Then comes the dessert platter laden with a wide selection of pithy nuggets of wisdom, to be savoured one at a time. Some examples from the Humility chapter are: “Humility frees us from the burden of perfection,” “Education is the seedbed of humility,” and “Natural gifts are made to be given, cannot be denied, and are the deepest kind of humility.”
In reading Chittister, one is treated to a remarkable confluence of form and substance. When a pointed observation is made, her sentences are short and strong: “Beware the temptation to find yourself perfect.” However, in reflecting upon more ineffable notions such as the transcendence of God, Chittister’s prose takes on a more imaginative and poetic tone: “But in the end, as the soul matures, it is the yearning itself for Everything, for the Fullness of Life, that saves us.” Taken together, Chittister’s writing is like a beating heart: a rhythm and flow that is responsive to the demands of the text.
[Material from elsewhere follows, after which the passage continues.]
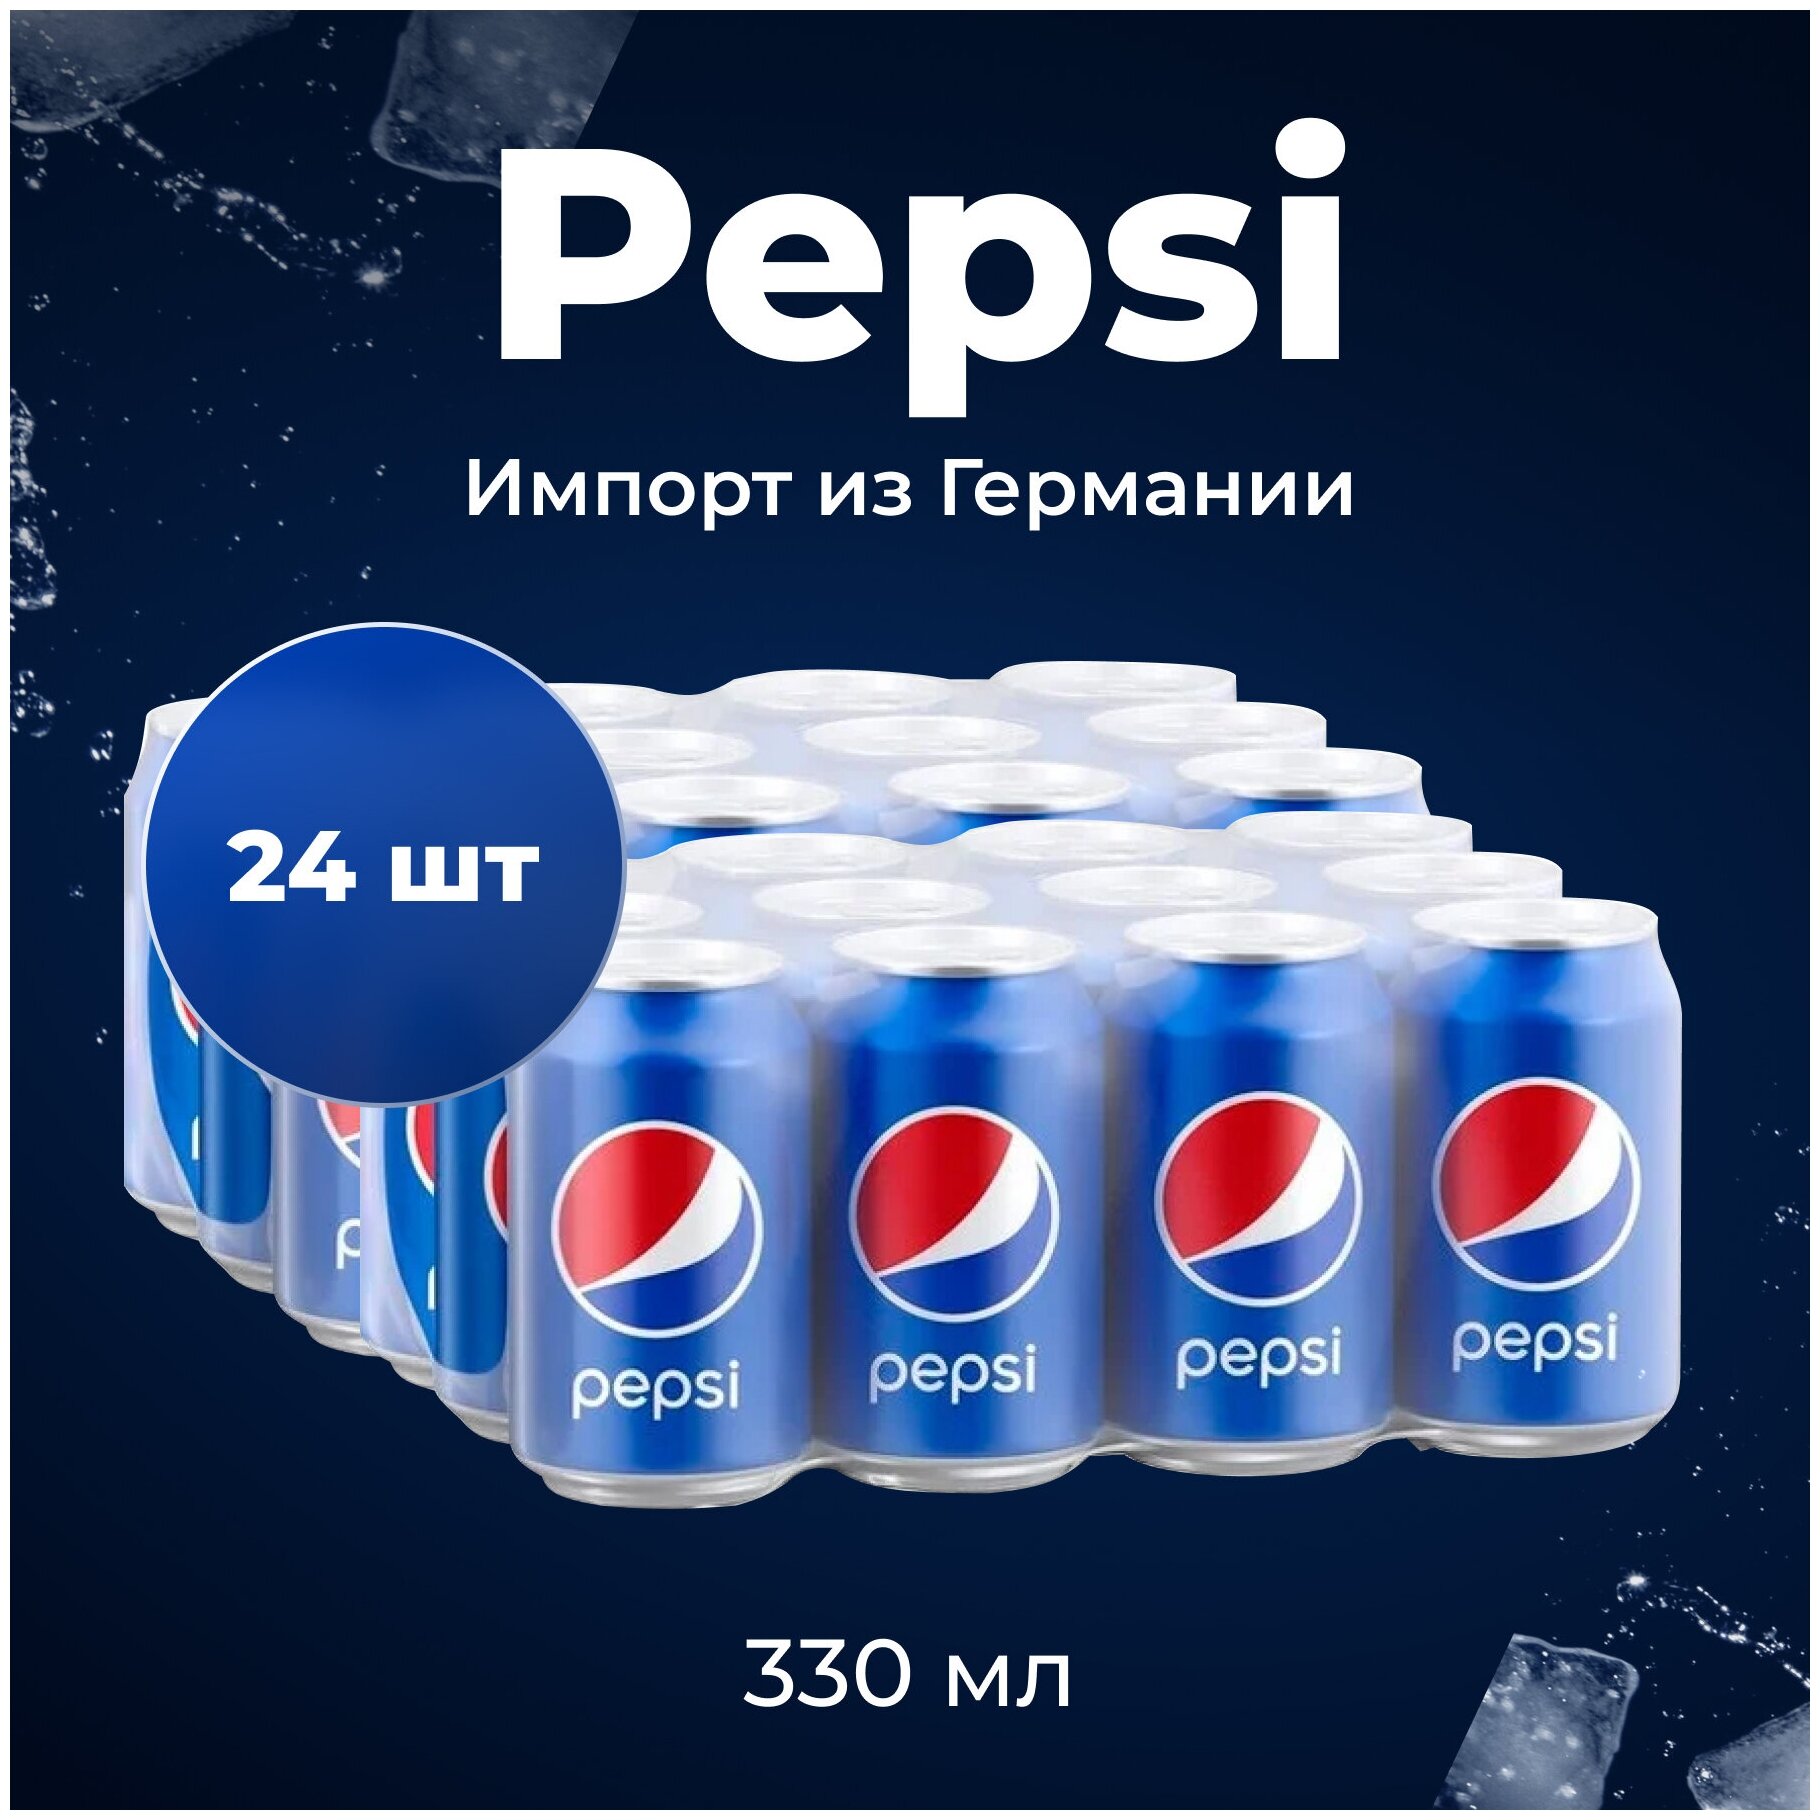 Газированный напиток Pepsi (Пепси) 0.33 ж/б (Германия) 24 штуки

Our Holy Yearnings may be seen as an example of effective evangelization for this day and age. Chittister speaks with a voice that is never preachy; rather, she encourages the reader to enter into the deeper caverns of the soul and so discover the divine indwelling. In other words, her approach is to awaken what is universally present in humanity, what some have called “the Christ within.” Grounded in a fine-tuned awareness of the realities of today’s world, Chittister communicates with a high degree of authenticity and clarity, announcing the gospel to a spiritually hungry humanity.